* **Activity**:
Repeat exactly what runs from the line containing "Healthy Christmas Baking" through the last line of the material below. Do not copy the pictures.

* **Data section**:
* * * * *

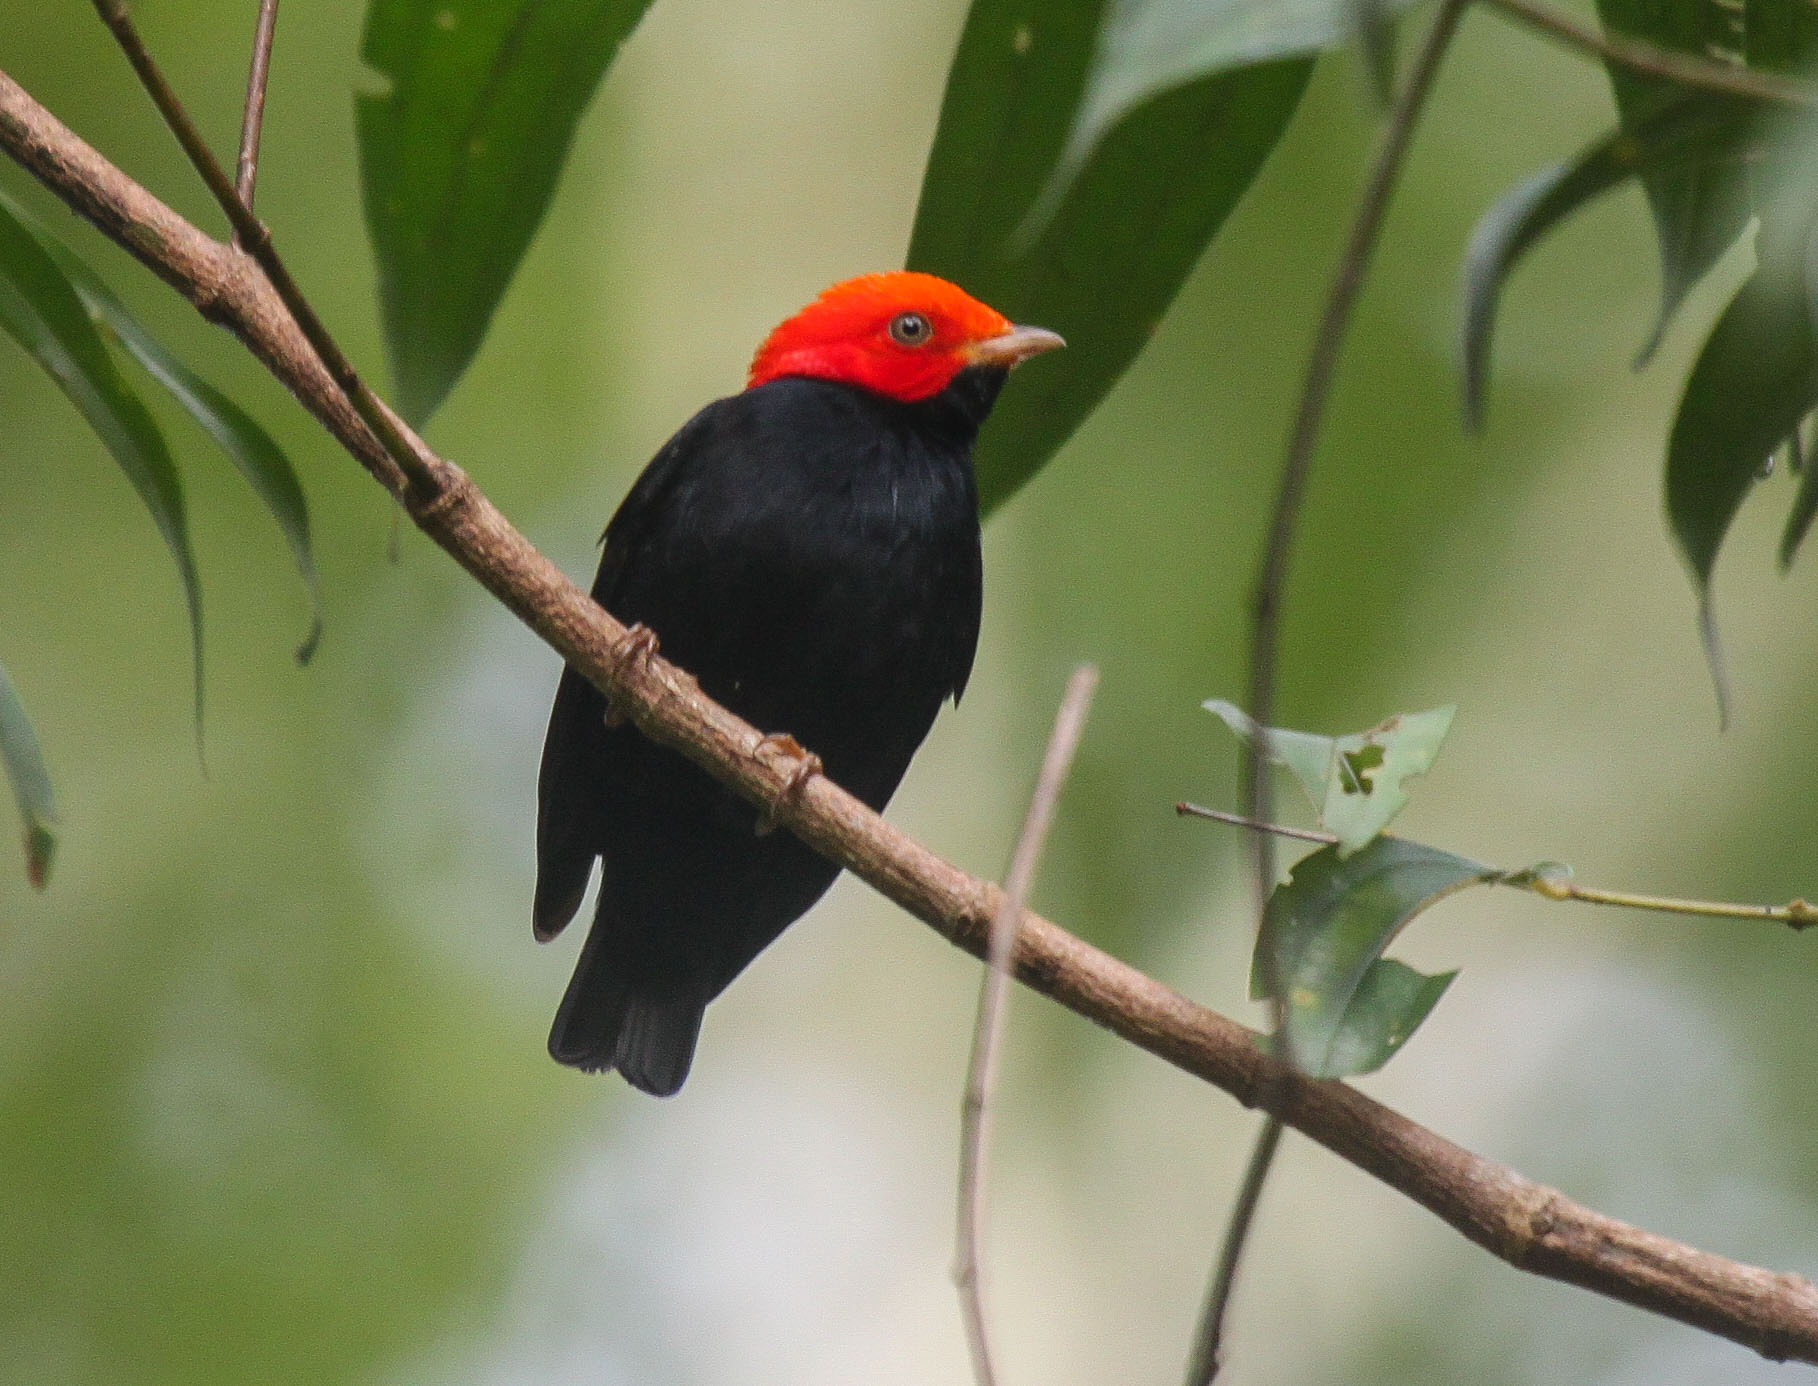 A male Red-headed Manakin perched on a branch
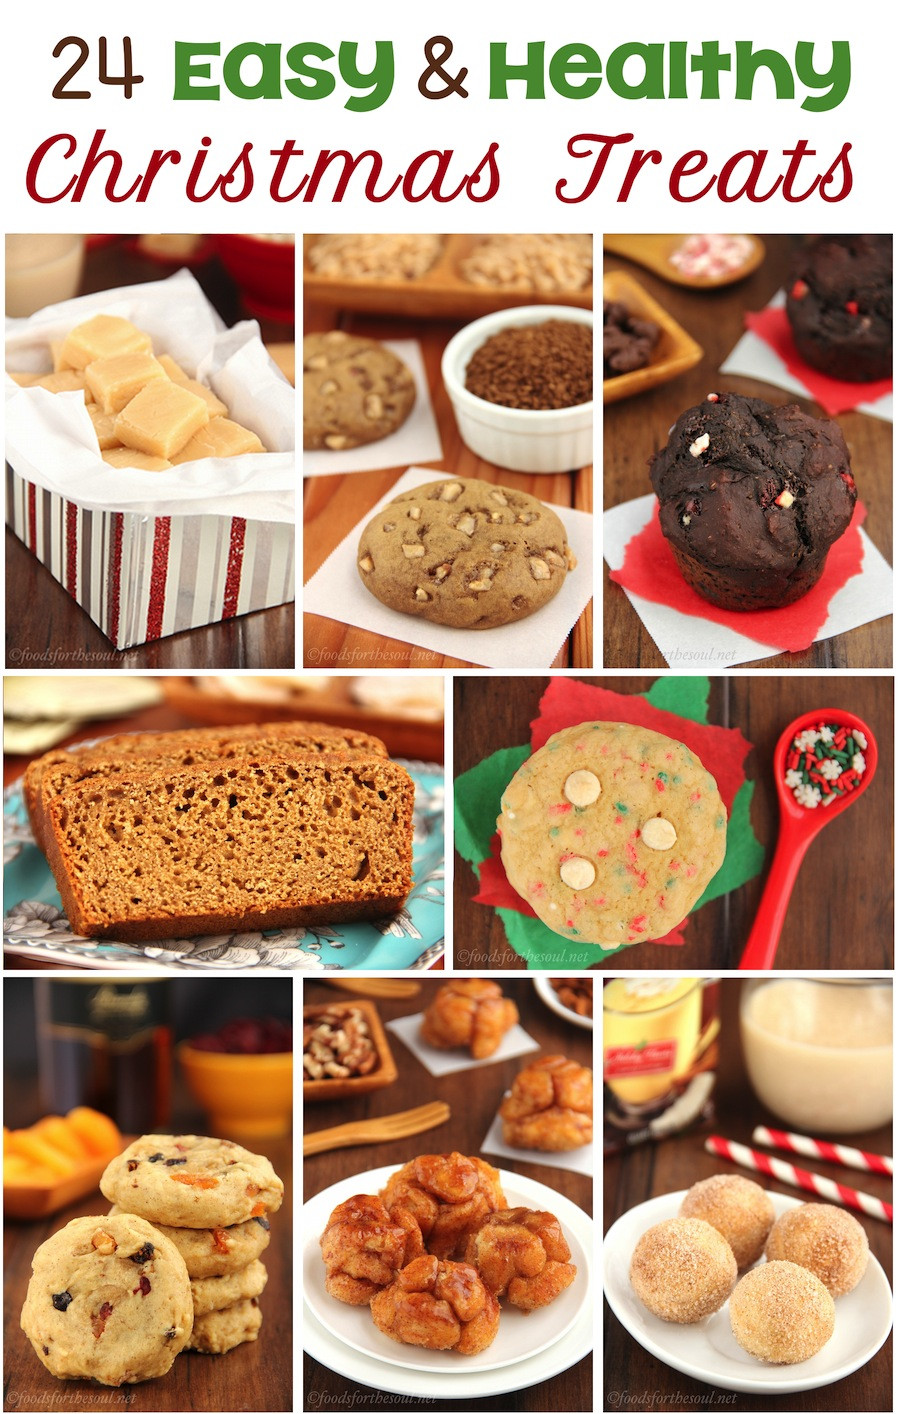 Healthy Christmas Baking the top 20 Ideas About 24 Easy &amp; Healthy Christmas Treats
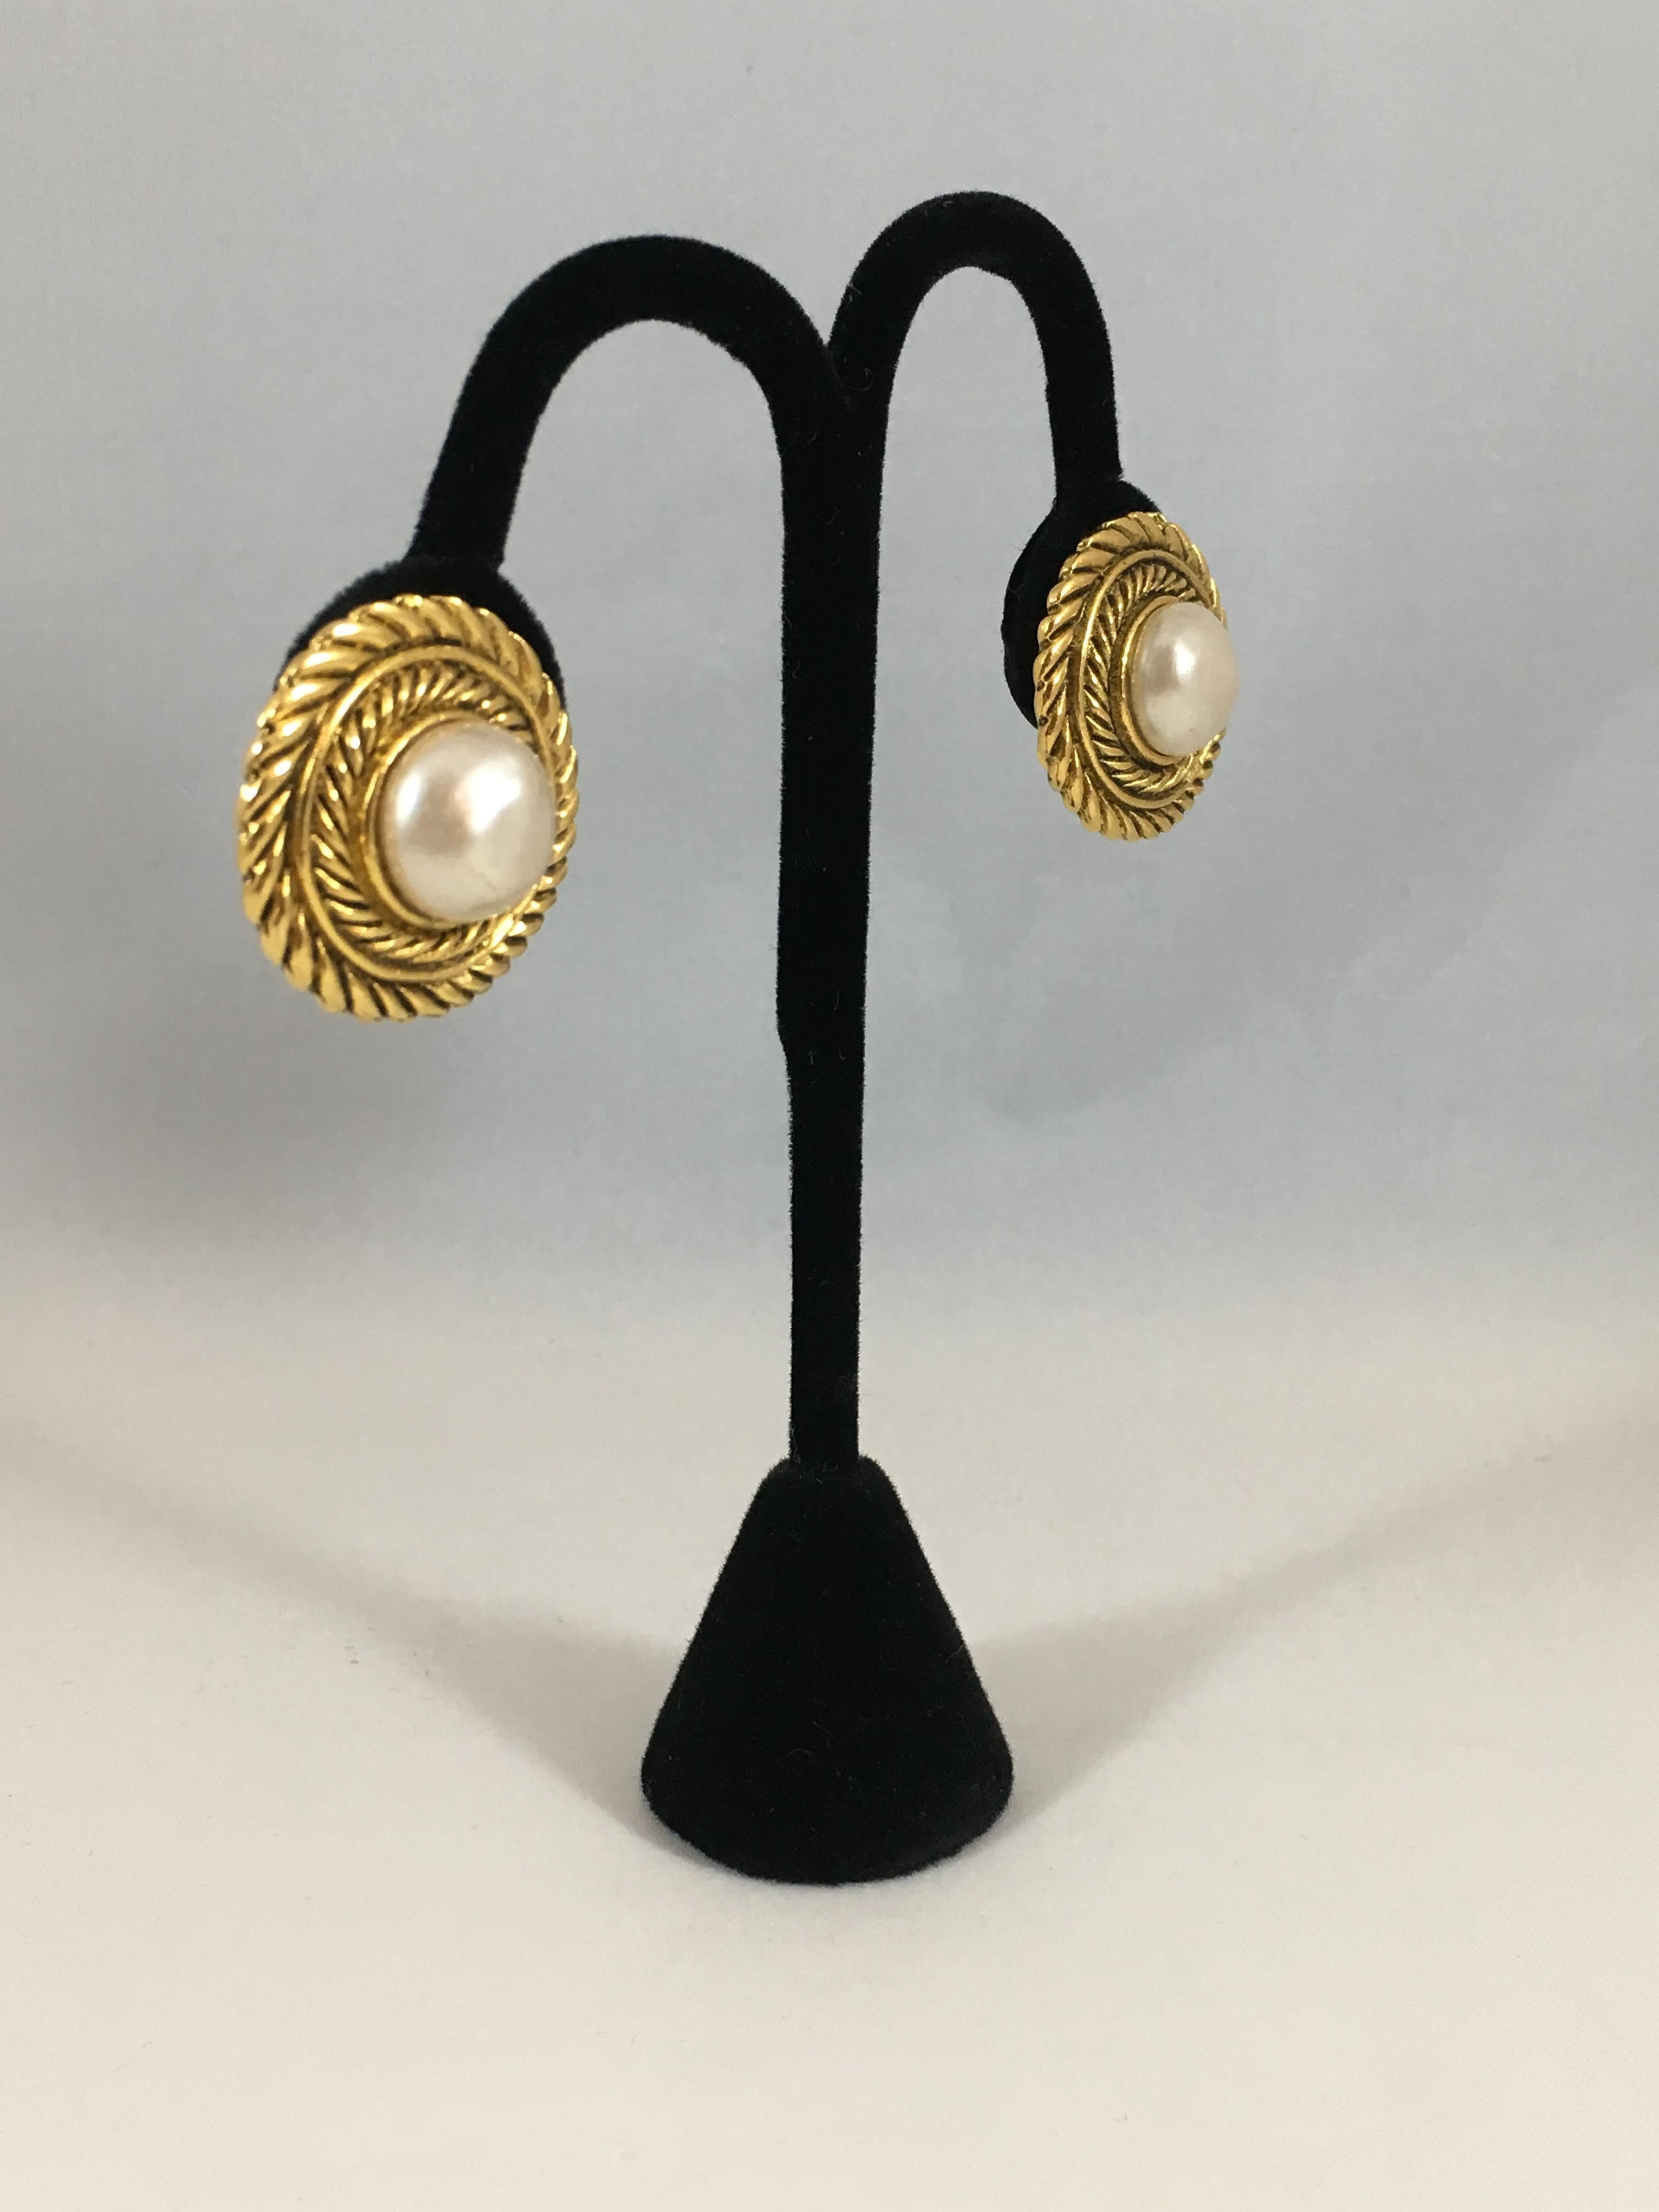 Chanel Pearl and Goldtone Clip-On Earrings in Box 1980s For Sale 2

* * * * *

* **Expected output**:
 Healthy Christmas Baking the top 20 Ideas About 24 Easy &amp; Healthy Christmas Treats
 Chanel Pearl and Goldtone Clip-On Earrings in Box 1980s For Sale 2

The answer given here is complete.